Érase una vez una comunidad ideal que vivía en una tierra lejana. Sus miembros no tenían miedos tal como ahora los conocemos. En vez de padecer incertidumbres y vacilaciones, eran resueltos y tenían una manera más plena de expresarse. Aunque no tenían ni el estrés ni las tensiones que hoy la humanidad considera esenciales para su progreso, sus vidas eran más ricas porque otros elementos mejores sustituían a esas cosas. Por lo tanto, el suyo era un modo de vivir ligeramente distinto al nuestro. Podríamos incluso afirmar que nuestras percepciones son versiones burdas e improvisadas de las verdaderas, las cuales eran poseídas por esta comunidad. 

Tenían vidas reales, no semi-vidas.

Los podemos llamar la gente de El Ar.

Tenían un líder, quien descubrió que su país se volvería inhabitable por un período de, digamos, veinte mil años. Planeó el escape, advirtiendo que sus descendientes serían capaces de volver exitosamente a casa únicamente después de muchos suplicios. 

Encontró para ellos un lugar de refugio, una isla cuyas características eran apenas similares a las de su patria; pero debido a la diferencia de clima y situación, los inmigrantes tuvieron que sufrir ciertas transformaciones. Estas los hicieron más adaptados física y mentalmente a las nuevas circunstancias, las percepciones sutiles fueron sustituidas por otras más burdas, así como la mano del trabajador manual se endurece como respuesta a las necesidades de su tarea.

Con el fin de atenuar el dolor que ocasionaría la comparación entre el viejo y el nuevo estado, se les hizo olvidar el pasado casi por completo; de él quedó apenas el más borroso recuerdo aunque lo suficiente para ser despertado cuando llegara el momento. 

El sistema era por demás complejo pero bien organizado. Los órganos por medio de los cuales la gente sobrevivía en la isla también fueron hechos los órganos del disfrute, tanto físico como mental. Los órganos que eran realmente constructivos en la vieja patria fueron puestos en una forma especial de latencia y vinculados al borroso recuerdo como preparación para su eventual activación.

Los inmigrantes se establecieron lenta y penosamente, ajustándose a las condiciones locales. Los recursos de la isla eran tales que, sumados al esfuerzo y a una cierta forma de guía, la gente sería capaz de escapar a una isla más lejana en el camino de retorno a su hogar original. Esta era la primera de muchas otras islas donde tendría lugar una aclimatación gradual. 

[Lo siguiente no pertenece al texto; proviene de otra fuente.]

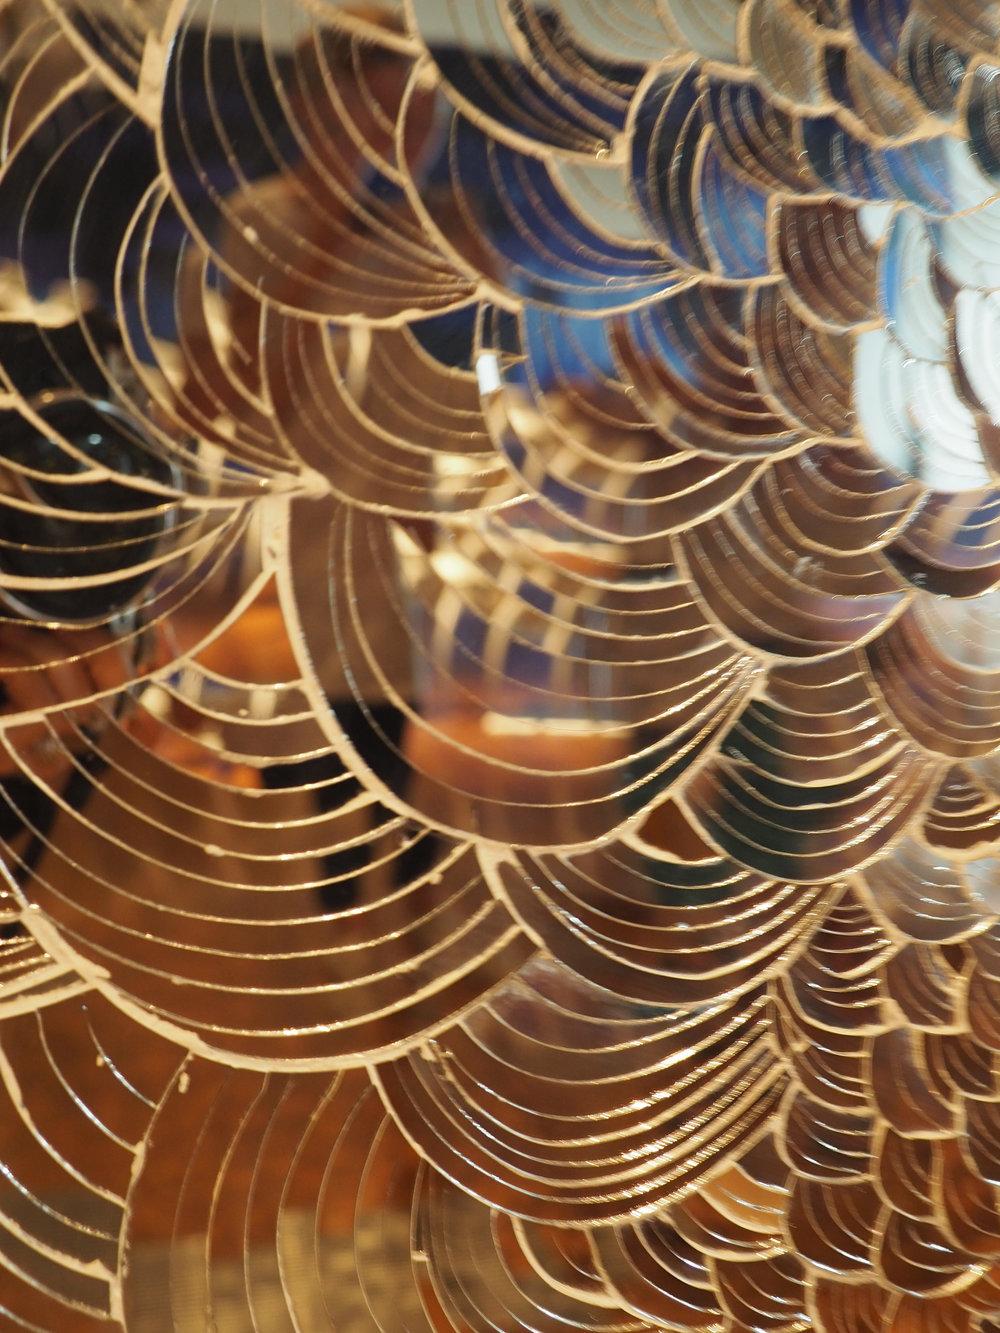 Goma Sugar Spin Ana Petre Terrene-3041792.jpg

La responsabilidad de dicha «evolución» fue conferida a aquellos individuos que podían sostenerla. Necesariamente estos eran unos pocos, ya que para la masa del pueblo era virtualmente imposible mantener vivos en su conciencia dos conjuntos de conocimientos; uno parecía estar en conflicto con el otro. Ciertos especialistas custodiaban la «ciencia especial». 

Este «secreto», el método de efectuar la transición, era ni más ni menos que el conocimiento de las artes marinas y su aplicación. El escape necesitaba un instructor, materias primas, gente, esfuerzo y entendimiento. Con estos, la gente podría aprender a nadar e incluso a construir barcos. 

Las personas que originalmente estaban a cargo del escape dejaron bien en claro que era necesaria una cierta preparación antes de que cualquiera pudiese aprender a nadar o incluso tomar parte en la construcción de un barco. Durante un tiempo el proceso continuó satisfactoriamente. 

Entonces un hombre, de quien se había descubierto que por el momento carecía de las cualidades necesarias, se rebeló contra este orden y se las arregló para desarrollar una idea magistral. Él había observado que el esfuerzo de escapar suponía una pesada y a menudo indeseable carga para la gente que, al mismo tiempo, estaba dispuesta a creer cosas que se le decían acerca de la operación de escape. Él se dio cuenta de que podía adquirir poder y también vengarse de quienes lo habían menospreciado, tal como creía, mediante la simple explotación de estos dos hechos. 

Simplemente, ofrecería remover la carga, asegurando que no había carga. 

Declaró lo siguiente:

«No hay necesidad de que el hombre integre su mente y la entrene del modo en que se les ha descrito. La mente humana es ya una cosa consistente, estable y continua. Se les ha dicho que tienen que convertirse en artesanos para construir un barco. Pero yo les digo que no solo no necesitan ser artesanos…. ¡ni siquiera necesitan un barco! Un isleño necesita únicamente observar unas pocas reglas simples para sobrevivir y quedar integrado en la sociedad. Mediante el ejercicio del sentido común, innato en cada uno de ustedes, podrán lograr cualquier cosa en esta isla, nuestro hogar, ¡propiedad común y herencia de todos nosotros!»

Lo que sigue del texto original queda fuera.